Le changement se produit en 1993, avec Dominique Voynet et ses amis. Ils renversent cette vision de l'écologie, notamment en partant sur l'idée d'un partenariat avec des grands partis de gauche. Et c'est la tendance Voynet qui s'impose. Chez les Verts, chacun a sa spécialité. Voynet avait une vraie conscience environnementale, mais ce n'était pas sa spécialité, contrairement à Yves Cochet. Elle était plus forte sur les questions sociales, citoyennes ou sur la santé.

Mais pour participer à des coalitions avec la gauche, pour contribuer à la gestion, il faut montrer qu'on est compétent dans tous les domaines. Donc on a mis en valeur dans nos programmes ce qui ne l'avait pas été jusqu'alors, comme l'antiracisme, la parité homme-femme, la défense des sans-papiers, la qualité de la vie, la démocratie... Les Verts ont perdu des adhérents à ce moment-là, mais en ont gagné d'autres. Par exemple, d'anciens gauchistes qui jusque-là avaient toujours été rebutés par ceux qu'ils appelaient les «bouffeurs de carottes» !


Pourquoi les gauchistes français ont-ils été si réfractaires à l'écologie ?

Un des fondements du marxisme, c'était la haine de la campagne, le désintérêt pour les paysans – Staline les massacrera en masse, surtout les plus pauvres, sans que ça émeuve à gauche. Après 1968, il n'y a pas eu de relais des idées écologistes dans l'extrême gauche, et les gauchistes n'ont pas investi l'écologie, contrairement aux Allemands. Une des grandes différences de l'écologie politique avec l'extrême gauche, c'est que les Verts se sont toujours pensés comme réformistes ET révolutionnaires. Nous avons toujours souhaité une révolution douce, pas un Grand Soir. Or, une révolution douce, ça se construit petit à petit. Et si on veut réussir, il faut accepter des idées, même des réformes proposées par d'autres, quand elles vont dans le sens qui nous convient.


Pour les Verts, quel est le bilan de Dominique Voynet au ministère de l'Environnement ?

Pas terrible, mais mieux qu'inexistant, mieux que ses prédécesseurs ou successeurs. Parce qu'elle est écolo, elle en a pris plein la gueule. Certains services, comme la Datar, avaient les kalachnikovs braquées sur elle en permanence ! Moi, j'étais très sceptique sur ce qu'on pouvait réaliser avec un seul ministre Vert dans un gouvernement. Il aurait fallu un Vert dans chaque cabinet pour y donner le point de vue écolo, et un groupe à l'Assemblée comme relais.
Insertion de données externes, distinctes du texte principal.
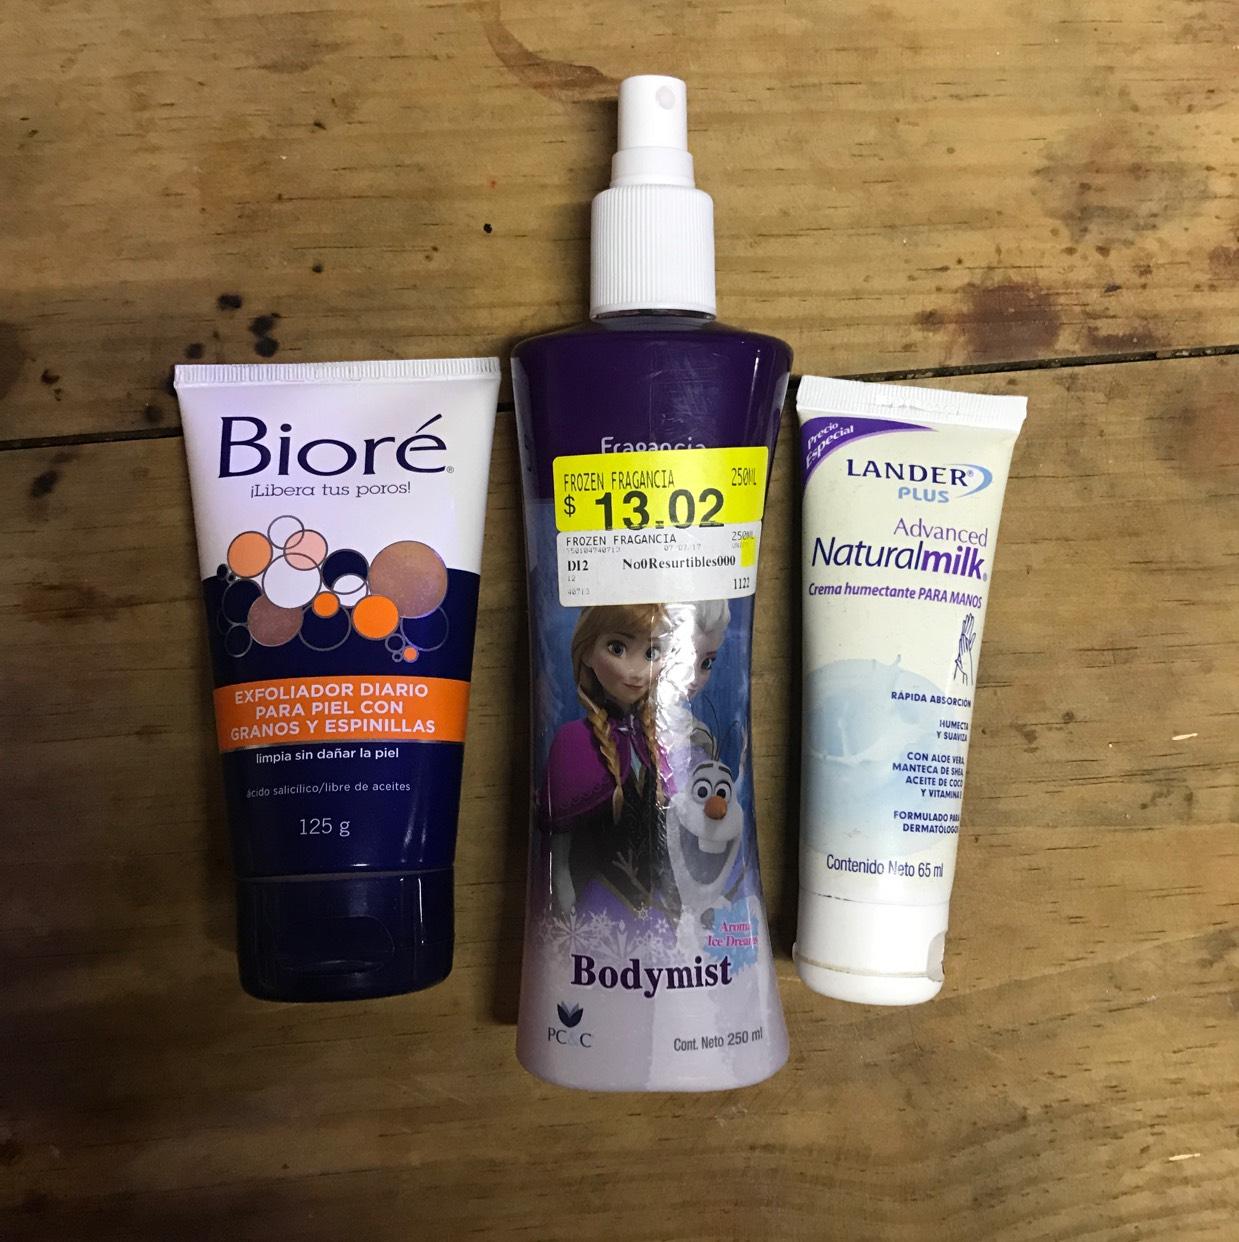 Bodega Aurrerá: Exfoliante Bioré, fragancia corporal y crema para manos. También un saco para box (ticket extraviado).
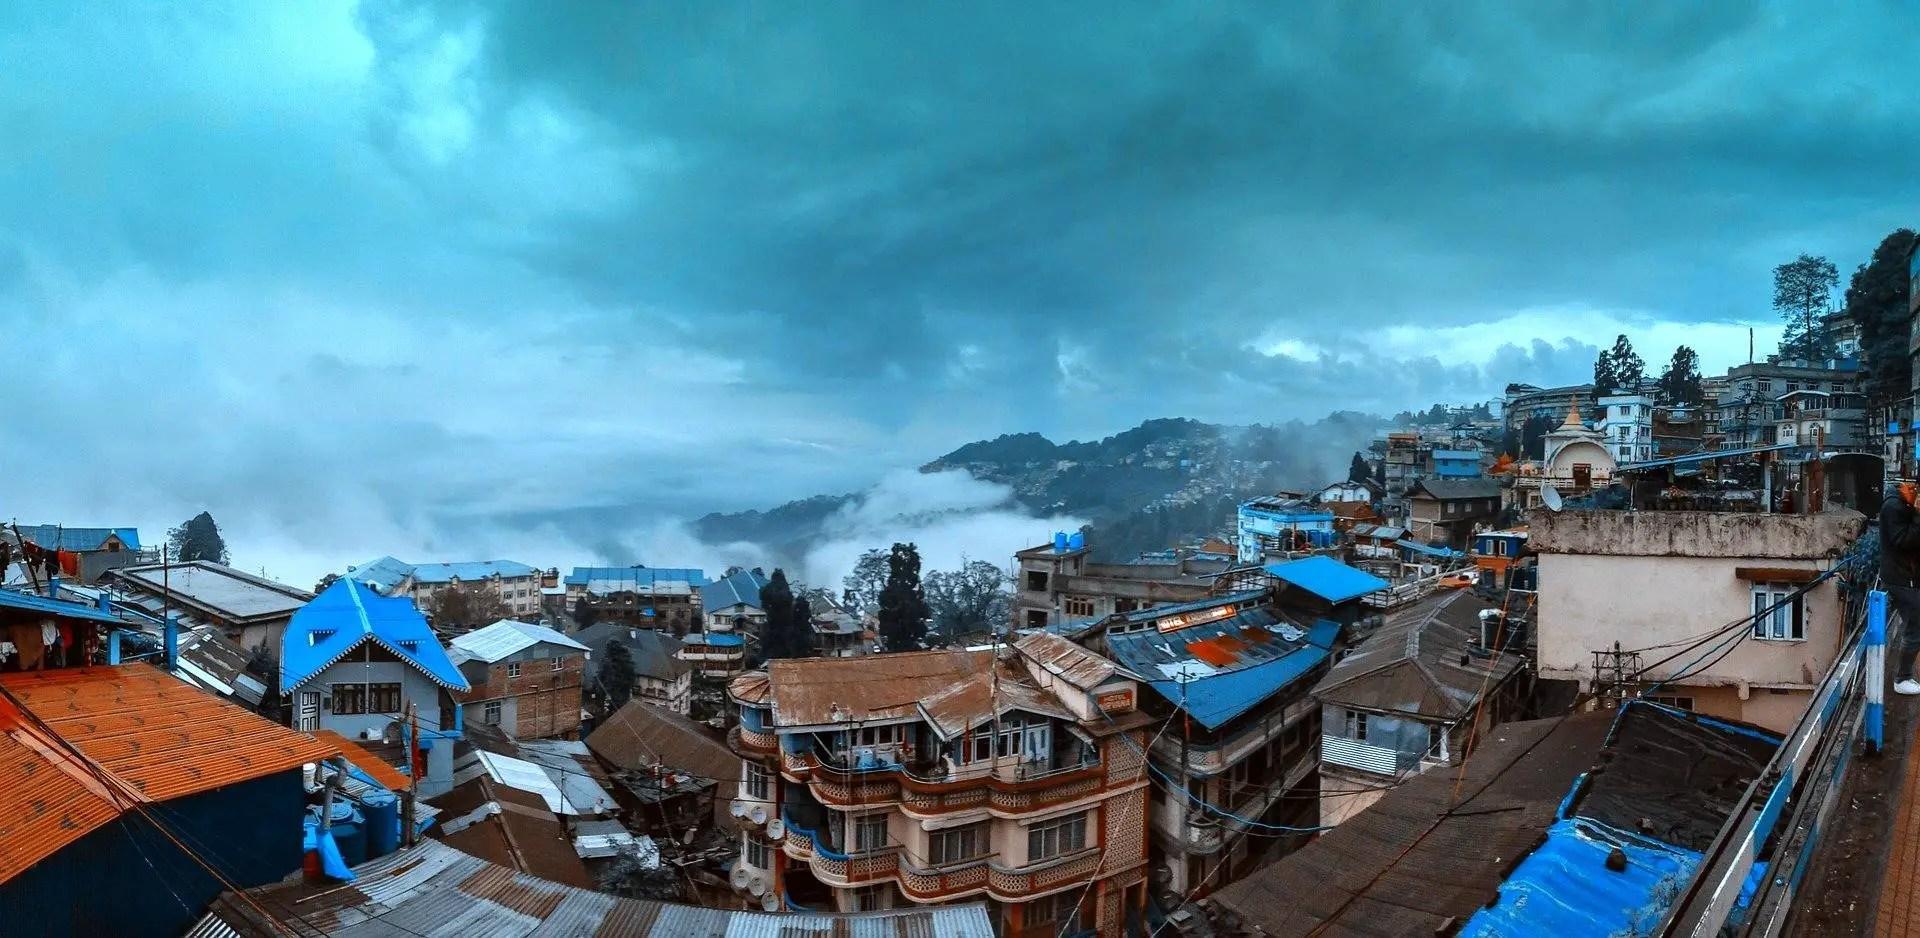 7 Day Kolkata – Kurseong – Darjeeling Travel Itinerary

Selon le baromètre du Cevipof réalisé en février, alors que l'environnement était au coeur des préoccupations des Français, les écolos historiques ne décollaient pas dans les sondages. Confirmation le 22 avril avec le faible score de Voynet. Pourquoi ce décalage ?

Quand vous n'êtes pas un parti politique fondé autour d'une idéologie, vos électeurs naviguent. Un coup, ils votent pour vous ; le suivant, ils s'abstiennent ou votent utile. 50 % des Verts ont voté Royal au premier tour. En politique, les choses n'avancent pas vite. Incomprises il y a dix ans, certaines de nos propositions sont devenues banales. Depuis cinq ans, il y a une explosion de la problématique environnementale. Maintenant, la société est d'accord avec nous. Mais le pas n'est pas encore franchi de la popularité, de la sympathie, jusqu'au bulletin de vote.


N'est-ce pas un échec alors que Nicolas Hulot a su se faire l'avocat de la lutte contre le réchauffement climatique ou l'érosion de la biodiversité ?

S'il s'était présenté, Hulot aurait fait le même score que Voynet ! Aujourd'hui, les Français ont bien conscience que les vrais dangers sont dans la crise environnementale, mais ces sujets-là sont anxiogènes. Au conseil national du parti, nous avons décidé d'organiser des assises régionales pour une refondation de l'écologie politique. Nous tenons à notre fonctionnement «basiste» , très libertaire, qui donne la parole à chacun. Alors, comment ne pas perdre cette richesse, mais gagner l'efficacité que nous n'avons pas ? De toute façon, la présidentielle est toujours une très mauvaise élection pour les Verts. Maintenant, dans la foulée du 1,57 % de Voynet au premier tour, la question est le résultat que feront les Verts aux législatives. Je suis confiant. Beaucoup de gens culpabilisent autour de ce maigre score. Ils reviendront.